I know of one cancer drug we are prescribing that costs approximately £120,000 per annum for a patient, and that patient would be on the drug for a year. I know that the drug was licensed on the basis of a trial which included only 100 patients. Therefore, the developmental costs of this drug had no relationship whatsoever to what was being charged for it. Let us compare that to a drug like Herceptin, which was developed in an earlier era and which cost approximately €30,000 per year. It was based on trials that included 20,000 or 30,000 patients. It was expensive to develop. By the way, when we are allowed to prescribe bio-similars instead of Herceptin, I will prescribe them all the time. We need to be absolutely unambiguous about this. Our health service will not be able to afford the high-quality cancer, cardiovascular and cystic fibrosis treatments that are coming if we do not save everywhere we can. In every situation where a generic drug exists that is much cheaper, we should use it. In every situation where a bio-similar drug exists that is much cheaper, we should use it. I take two generic medications with a clean conscience and a light heart every morning and I tell my patients the same thing.

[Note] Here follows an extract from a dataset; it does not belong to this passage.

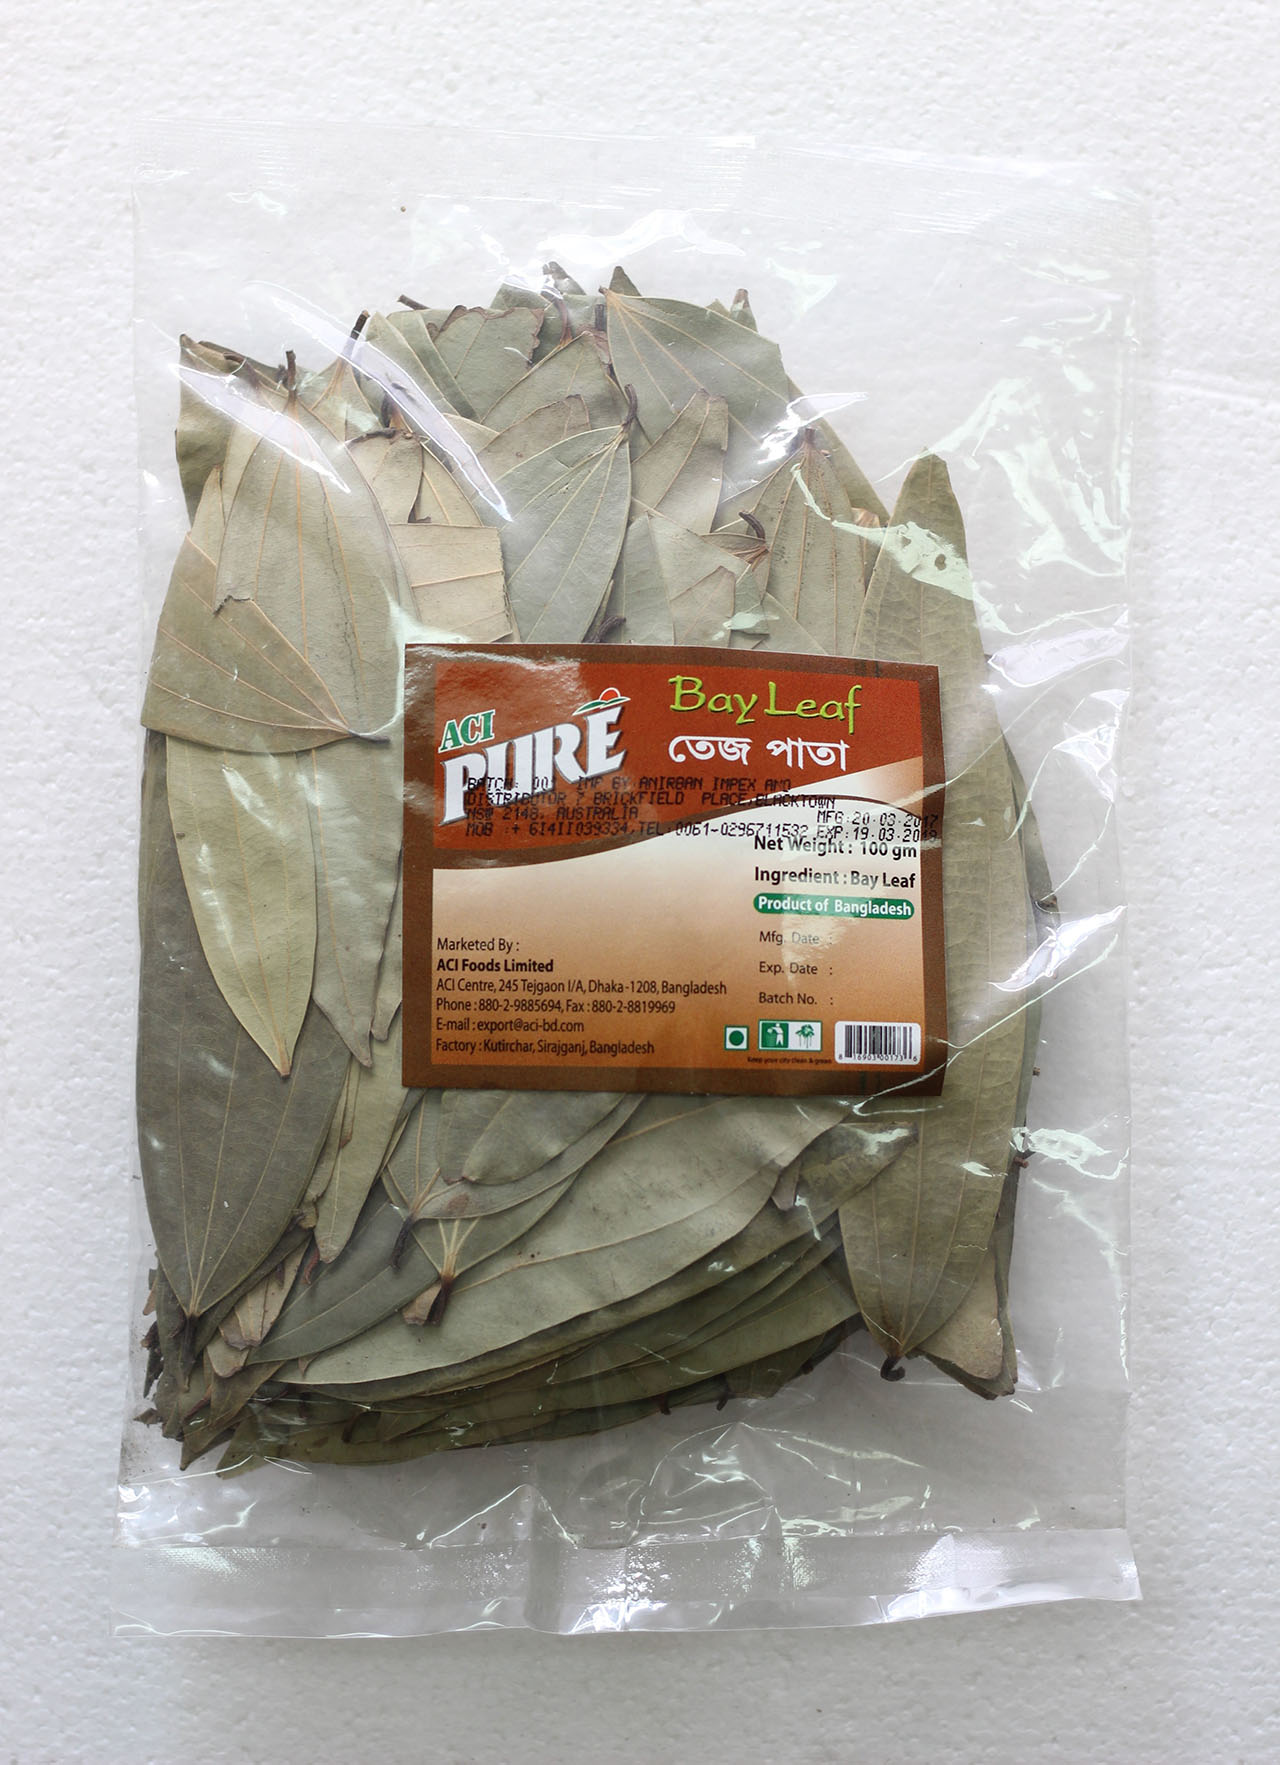 ACI Pure Bay Leaf – Tej Pata (100g)
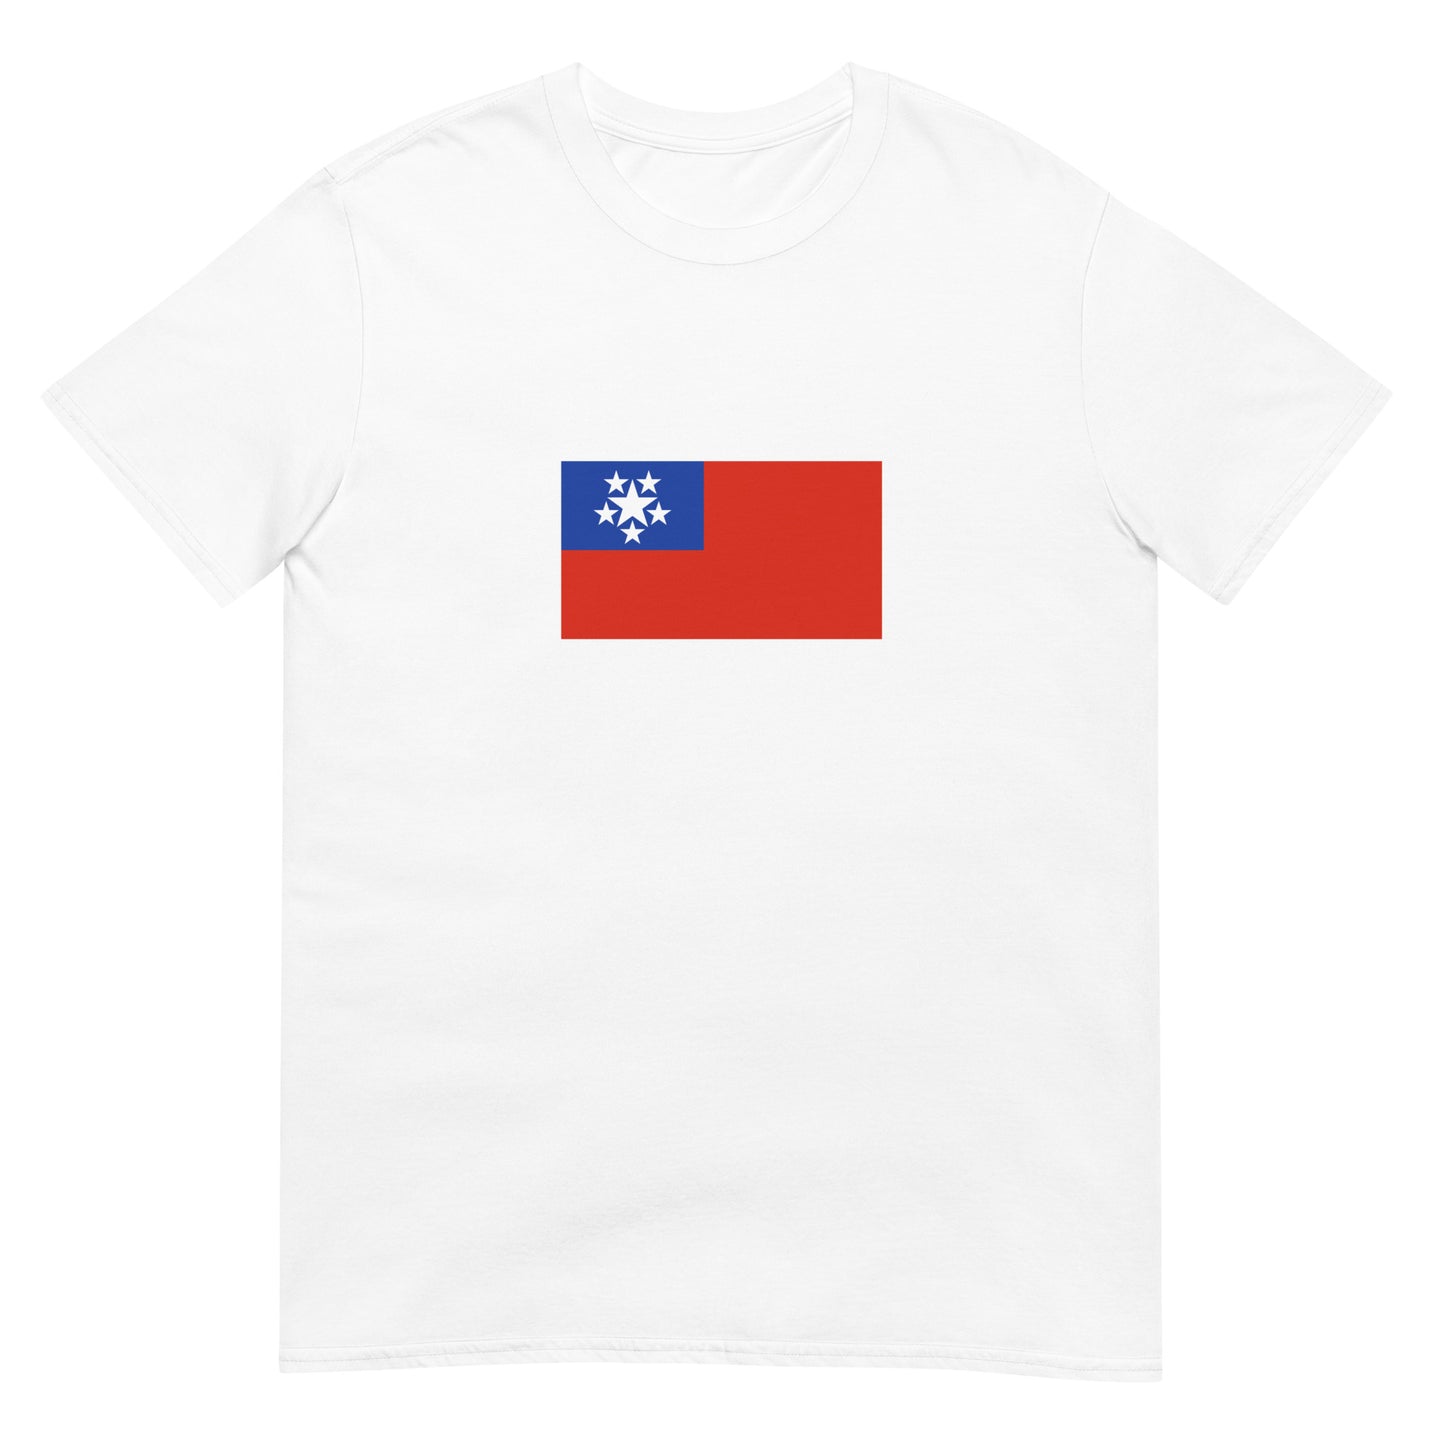 Myanmar (Burma) - Union of Burma (1948-1974) | Historical Flag Short-Sleeve Unisex T-Shirt

The companies need to have a serious rethink. Increasingly, the purchasers are government collectives throughout the Western world. They probably need to draw a line under this and express to the companies the view that there is an amount of money beyond which they will never pay for one drug and that the companies can still make money on it. I offer one example. A good friend and colleague of mine, Dr. Leonard Saltz from the Memorial Sloan Kettering Cancer Center, was routinely prescribing a widely used colon cancer drug called bevacizumab. A newer drug called aflibercept came along. It was not bio-similar; it was a different company's product. The company wanted to give it and took the view that it was a little better. However, the price was astronomical. Dr. Saltz went to the New York Times, wrote an op-ed and then went to the pharmacy committee of the hospital and said that they should not pay for it because the difference was too small and the cost too great. Immediately, the company was able to drop the price of the drug by one half, which told us that there was no relationship whatsoever between where it pitched the price of the drug and the actual developmental costs of it. The company made a calculation - as it transpired, a miscalculation - that the market would bear a higher cost.

We really need to get our act together on this. If we are going to be able to take these wonderful new cancer treatments into the next generation, we need to look at numerous things. How much money is spent on marketing to doctors? How much money is spent on advertising? Moreover, we need to look at the way pricing works on the drugs. The bad news for the industry is that if they price it too hard, no one is going to pay. That is where it is. We need to work out a way to ensure that drugs become available at a rate that is affordable as well as allowing a reasonable profit for the companies and their shareholders.